Blacklisted in the Cold War, Worthy reported on the struggles of Third World people against American neo-colonialism and on oppression within the United States
[In light of recent social media shutdowns of the pan-African media outlet, African Stream, we should take note of William Worthy’s great contributions and the ensuing repression. In roughly a two-week period, the Kenyan-based platform was summarily removed from YouTube, Facebook, Instagram, Threads, Google, and even TikTok. Most of the closures came in September 2024 shortly after U.S. Secretary of State Antony Blinken told journalists “RT [Russian Television] secretly runs the online platform African Stream across a wide range of social media platforms.” He added, without providing a shred of evidence, that the site only gives voice to “Kremlin propagandists.”

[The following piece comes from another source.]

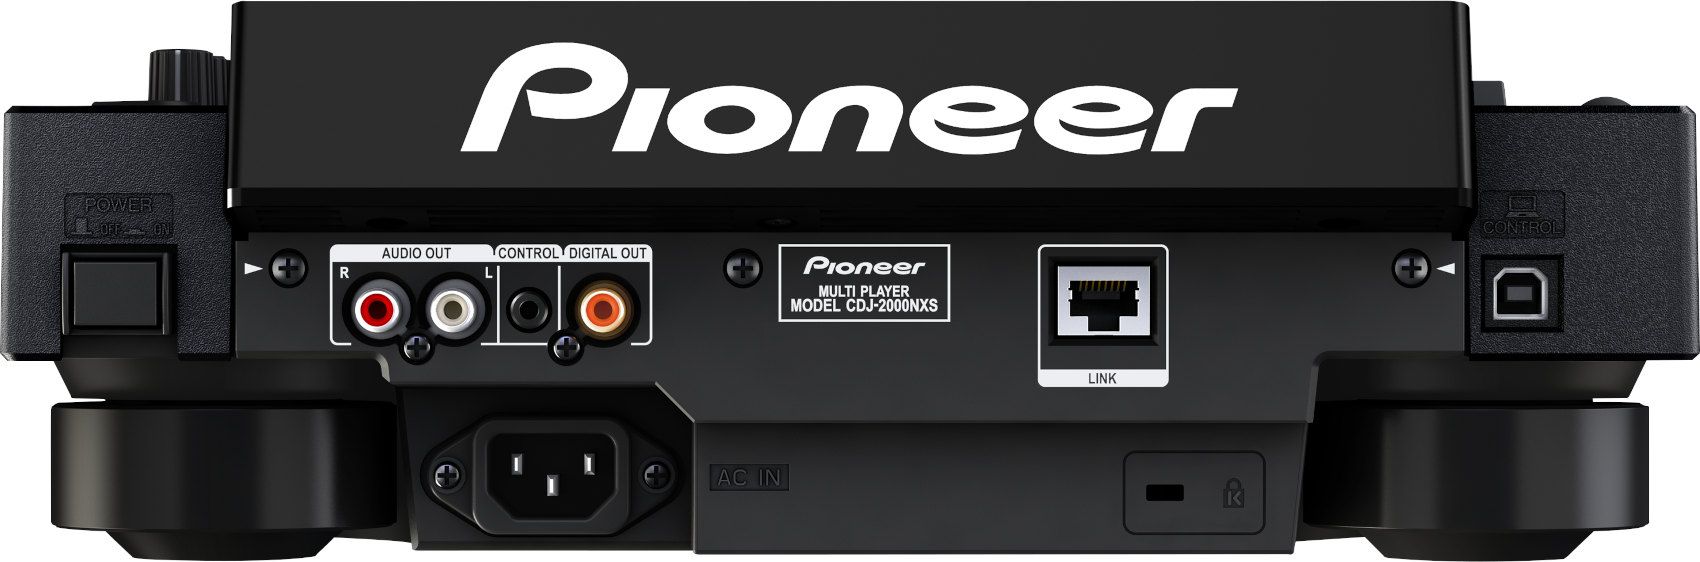 Pioneer CDJ-2000 Nexus - фото 3

Stanford University’s Internet Observatory/Cyber Policy Center joined in the contemporary red-scaring while advancing the prejudicial narrative that black people are incapable of thinking for themselves with an article titled “African Stream: Russia’s Latest Covert Influence Pipeline Targeting Africa and the U.S.”—Editors.]
Welcome to A Worthy Media.
“In 1979, at the beginning of the Iranian hostage crisis, my passport was revoked…A few weeks after my passport was revoked, I received a letter,” said Philip Agee while facing a panel of lecturers at the Conference on the History and Consequences of Anticommunism at Harvard University in 1988. That letter was sent by “the revolutionary leader of Grenada, Maurice Bishop, which was an invitation to the first anniversary of the revolution.”
Included with the letter came a Grenadian passport. With Agee’s name and photo printed on the inside, the travel document would allow the former CIA case officer turned author of Inside the Company: CIA Diary and co-founder of CovertAction Information Bulletin (now CovertAction Magazine) to travel “all over Western Europe, Canada, Caribbean and so forth…until the invasion.”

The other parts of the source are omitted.